Matter of Gonzalez v Annucci
2017 NY Slip Op 03254 [149 AD3d 1455]
April 27, 2017
Appellate Division, Third Department
Published by New York State Law Reporting Bureau pursuant to Judiciary Law § 431.
As corrected through Wednesday, May 31, 2017


[*1]
 In the Matter of Javon Gonzalez, Petitioner, v Anthony J. Annucci, as Acting Commissioner of Corrections and Community Supervision, et al., Respondents.

Javon Gonzalez, Pine City, petitioner pro se.

Eric T. Schneiderman, Attorney General, Albany (Owen Demuth of counsel), for respondents.

Proceeding pursuant to CPLR article 78 (transferred to this Court by order of the Supreme Court, entered in Chemung County) to review a determination of respondent Commissioner of Corrections and Community Supervision finding petitioner guilty of violating certain prison disciplinary rules.

As the result of an authorized mail watch, correction officials intercepted an outgoing letter written by petitioner, a member of the Bloods gang, directing an assault on other inmates in retaliation for a previous assault on petitioner.

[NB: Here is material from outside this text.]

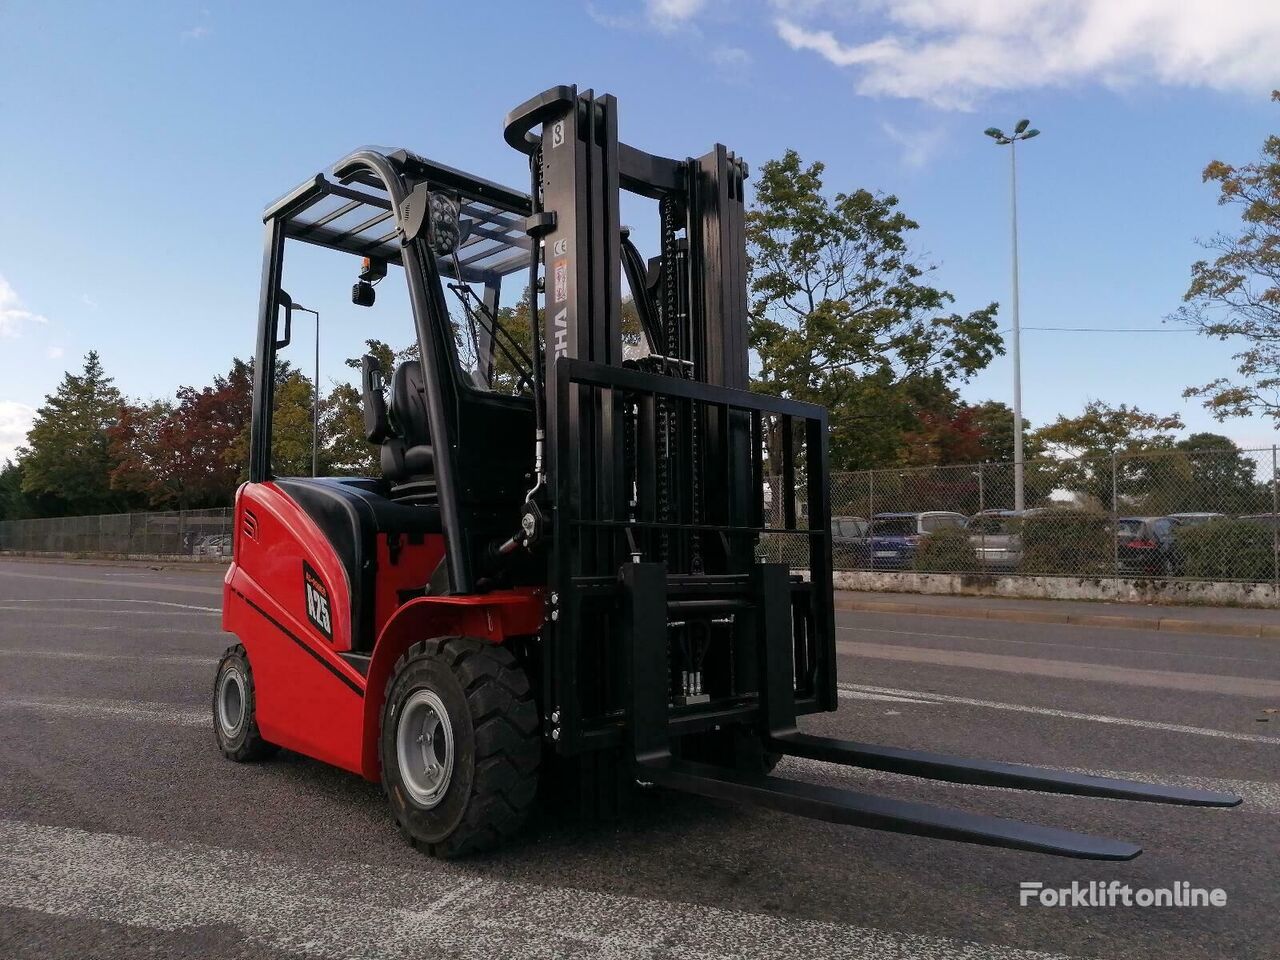 Hangcha A4W25 electric forklift
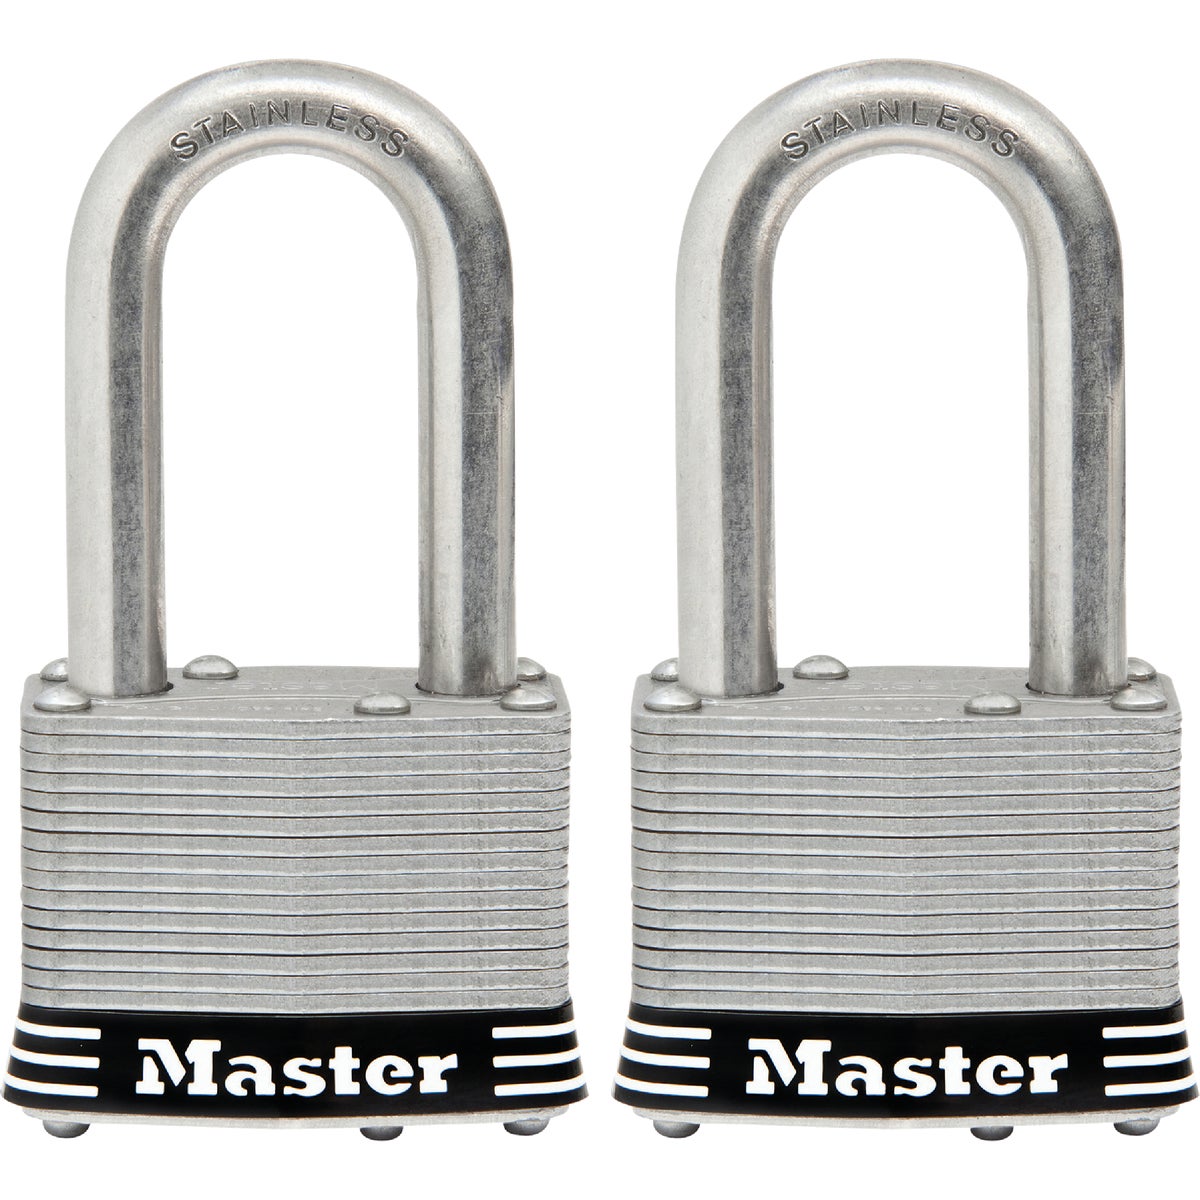 Master Lock 1-3/4 In. Laminated Stainless Steel Keyed Padlock with 1-1/2 In. Shackle (2-Pack)

Petitioner was thereafter charged in a misbehavior report with gang activity, violent conduct, assaulting an inmate and making threats. Following a tier III disciplinary hearing, petitioner was found not guilty of making threats, but guilty of the remaining charges. This determination was affirmed on administrative appeal, and this CPLR article 78 proceeding ensued.

We confirm. The misbehavior report, hearing testimony and documentary evidence provide substantial evidence supporting the determination of guilt (see Matter of Chandler v Fischer, 102 AD3d 1045, 1045 [2013]; Matter of Scott v Fischer, 92 AD3d 1000, 1000 [2012]). The investigating officer, who is trained in interpreting gang-related communication, testified that certain phrases in the letter referred to the Bloods and named inmates that petitioner wanted to "meet the same fate as I did" in retaliation for their role in a prior assault against petitioner. [*2]Contrary to petitioner's contention, we find that the officer's training related to gang activity was adequately established by the hearing testimony (see Matter of Doyle v Prack, 115 AD3d 1110, 1111 [2014], lv denied 23 NY3d 907 [2014]). The testimony of petitioner that the phrases were taken out of context and that the letter did not direct an assault on anyone raised a credibility issue for the Hearing Officer to resolve (see Matter of Espinal v Fischer, 114 AD3d 978, 979 [2014]; Matter of Palermo v Fischer, 110 AD3d 1293, 1293 [2013]). We also reject petitioner's contention that he could not be found guilty of assault because the letter was confiscated and no assault took place. The prohibition against assault on an inmate explicitly includes an "attempt to inflict bodily harm upon any other inmate" (7 NYCRR 270.2 [B] [1] [i]). Here, the misbehavior report, the contents of the letter and the testimony of the investigating officer support a finding that petitioner attempted to assault certain other inmates.

Turning to petitioner's procedural claims, we find unpersuasive his contention that he did not have sufficient notice of disciplinary rule 105.13 prohibiting gang-related activities (see 7 NYCRR 270.2 [B] [6] [iv]) because it is not in the rule book that he was given. The rule was revised and renumbered in 2008 and a memorandum informing all inmates, including presumably petitioner, of the change was distributed at that time (see Matter of Hyatt v Annucci, 137 AD3d 1382, 1383 [2016], lv denied 27 NY3d 910 [2016]; Matter of Gittens v Fischer, 100 AD3d 1121, 1122 [2012]). Further, the written authorization for the mail watch signed by the facility Superintendent contained a sufficient basis, including specific facts, to satisfy the requirements of 7 NYCRR 720.3 (e) (1) (see Matter of Santana v Fischer, 78 AD3d 1364, 1364 [2010]; Matter of Devivo v Bezio, 63 AD3d 1489, 1490 [2009]). Finally, petitioner's request to call an inmate witness was not improperly denied, inasmuch as the requested witness had no firsthand knowledge of the underlying event (see Matter of Lozada v Cook, 67 AD3d 1232, 1233 [2009], lv denied 14 NY3d 706 [2010]; Matter of Tafari v Selsky, 33 AD3d 1029, 1030 [2006], lv denied 7 NY3d 717 [2006]). Petitioner's remaining claims, including his assertion that the Hearing Officer was biased and that the penalty imposed was excessive, have been examined and found to be without merit.

McCarthy, J.P., Garry, Lynch, Rose and Devine, JJ., concur. Adjudged that the determination is confirmed, without costs, and petition dismissed.